Eleições no México: a pergunta que constrange todos os candidatos e AMLO
México tem mais de 100.000 desaparecidos por políticas das últimas duas décadas
Esta é a 11ª vez que a salvadorenha Blanca Arelí Gómez vem ao México. A 1.500 quilômetros de casa, ela busca pelo seu filho, Roberto. Ele está desaparecido desde 2010, quando tentava imigrar aos Estados Unidos.
Blanca relata a Crusoé as últimas palavras que ouviu de seu filho: “Mamãe, eu vou sair para buscar emprego”. Roberto tinha 19 anos de idade.
Ele queria ajudar no conserto da residência da família, que se arrastava havia uma década. A casa quase colapsou no início de 2001, quando El Salvador sofreu dois terremotos em um mês. Mais de 1.200 pessoas morreram na época.
“Eu lhe falei que não queria que fosse embora, mas o apoiei mesmo assim. Quando os filhos crescem, eles tomam suas decisões. Foi assim... Eu me despedi. E nunca mais pude abraçá-lo”, diz Blanca sob lágrimas.
Desde então, a salvadorenha busca por Roberto. Segundo dados abertos do governo mexicano, compilados pela Comissão Nacional de Busca, Roberto desapareceu no estado de Coahuila, na fronteira com o Texas.
Blanca, que também tem um irmão desaparecido, integra uma organização não governamental em seu país chamada Cofamide, composta por parentes de migrantes desaparecidos.
Os salvadorenhos não estão sozinhos. No México, há ao menos 234 entidades dedicadas à busca de desaparecidos, tanto migrantes quanto locais.

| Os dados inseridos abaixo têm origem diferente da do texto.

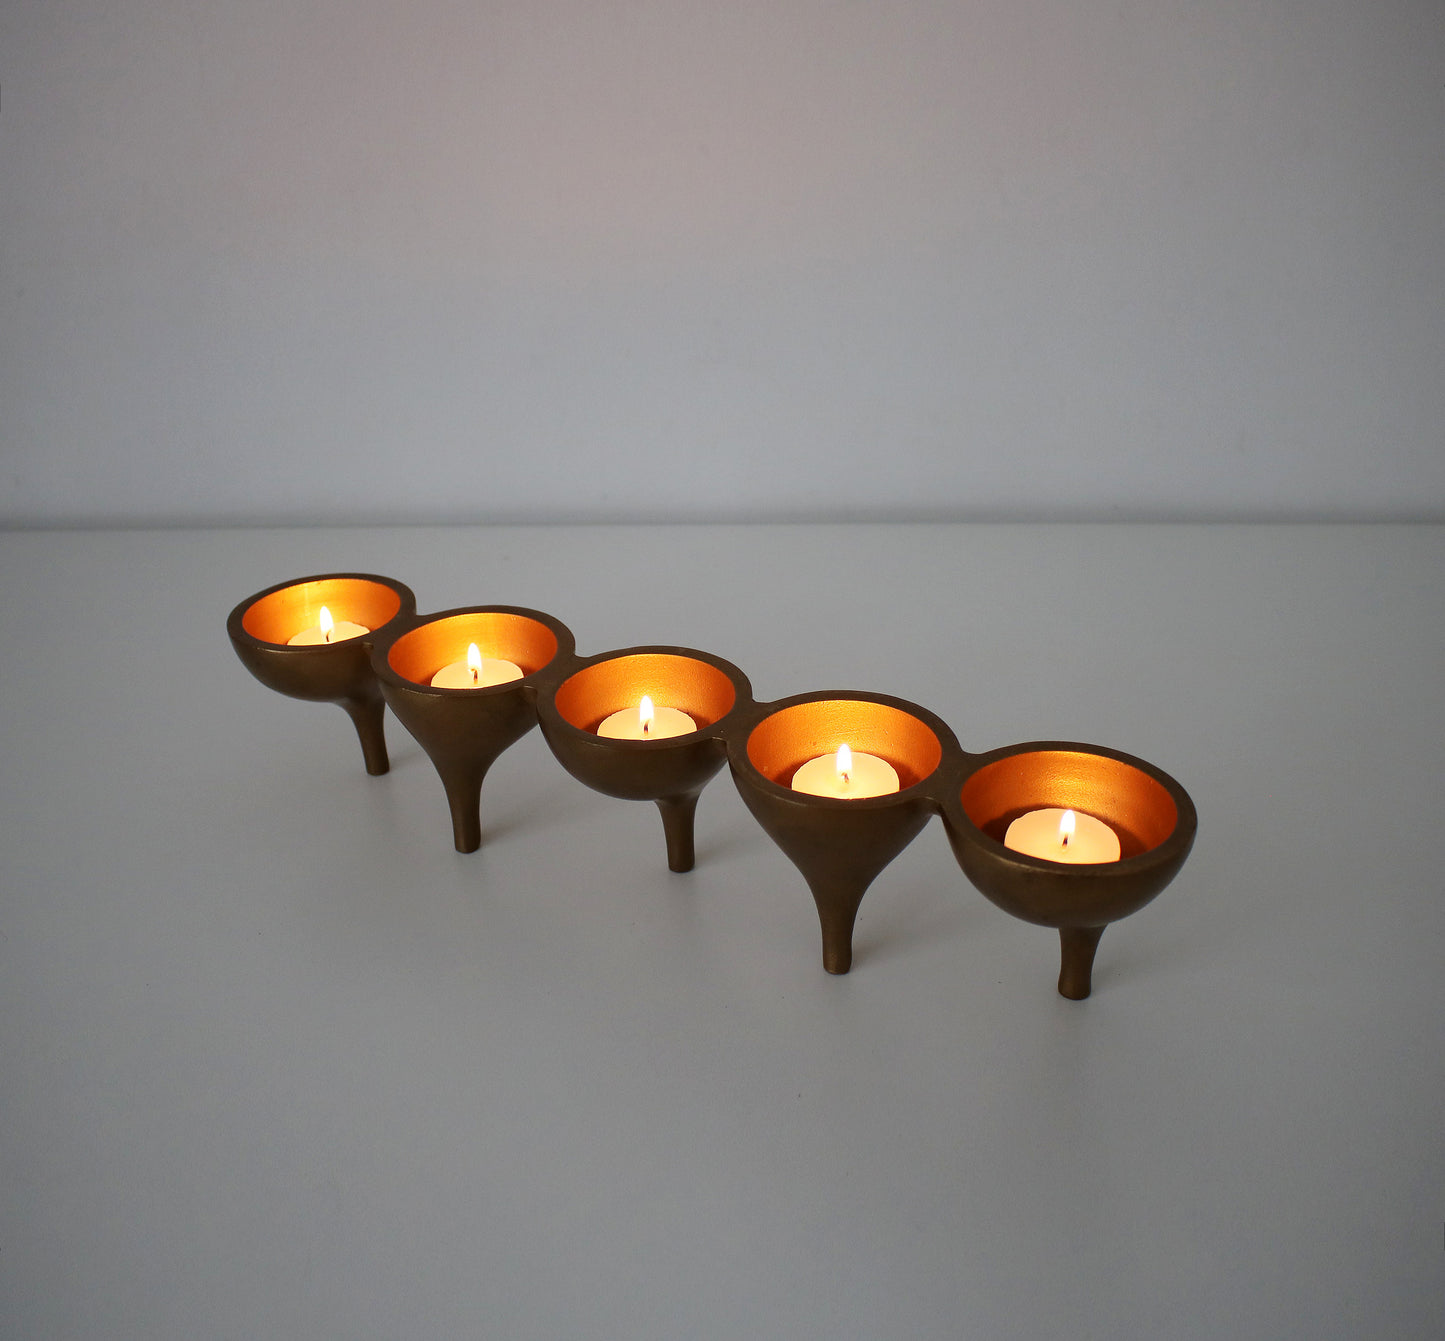 Contemporary preloved tealight candle holder - gold metal

Blanca veio à capital mexicana desta vez para participar da tradicional marcha de 10 de maio, em comemoração ao Dia das Mães.
Centenas participaram do ato na Cidade do México neste ano. As madres buscadoras, “mães buscadoras” em espanhol, lideram o ativismo em nome dos desaparecidos na região.
De acordo com a Comissão Nacional de Busca, há cerca de 105 mil desaparecidos no México. Trata-se de “pessoas cujo paradeiro é desconhecido e se presume, com base em quaisquer provas, que a sua ausência está relacionada com a prática de um crime”.
Com quase o dobro da população mexicana, o Brasil tinha 74 mil registros de desaparecidos em 2022, aponta estudo do Fórum de Segurança Pública que pode incluir sumiços sem relação com nenhum delito. Os desaparecimentos no Brasil são uma estatística que não mobiliza nem centenas de manifestantes todos os anos.
De todos os três candidatos que disputam a Presidência do México nestas eleições de 2 de junho, apenas a candidata da situação apresenta ao menos uma medida concreta para a busca dos desaparecidos.
Chefe de governo da Cidade do México, Claudia Sheinbaum propõe unificar as bases de dados das procuradorias estaduais. A maior parte dos cadáveres não identificados estão sob posse das procuradorias.
A fragmentação dos sistemas de buscas é um problema, de fato. Sheinbaum, entretanto, ignora a corrupção das procuradorias, um dos maiores entraves na busca de desaparecidos. Atualmente, as procuradorias relutam em cooperar na perícia forense.
Cabe também recordar o fracasso do recenseamento de desaparecidos implementado em 2023 pelo padrinho político de Sheinbaum e atual presidente do México, Andrés Manuel López Obrador, o AMLO. A taxa de desaparecidos encontrados pelo governo caiu três vezes, calculou o jornal El País.
Tanto a situação quanto a principal coalizão opositora, encabeçada pela senadora Xóchitl Gálvez, têm mais motivos para se constranger pelo tema para além da escassez de propostas.
AMLO e seus dois antecessores, ambos de partidos da coalizão de Gálvez, implementaram uma política de Segurança Pública que contribuiu para o aumento das desaparições.
Como a guerra ao narcotráfico impulsionou as desaparições?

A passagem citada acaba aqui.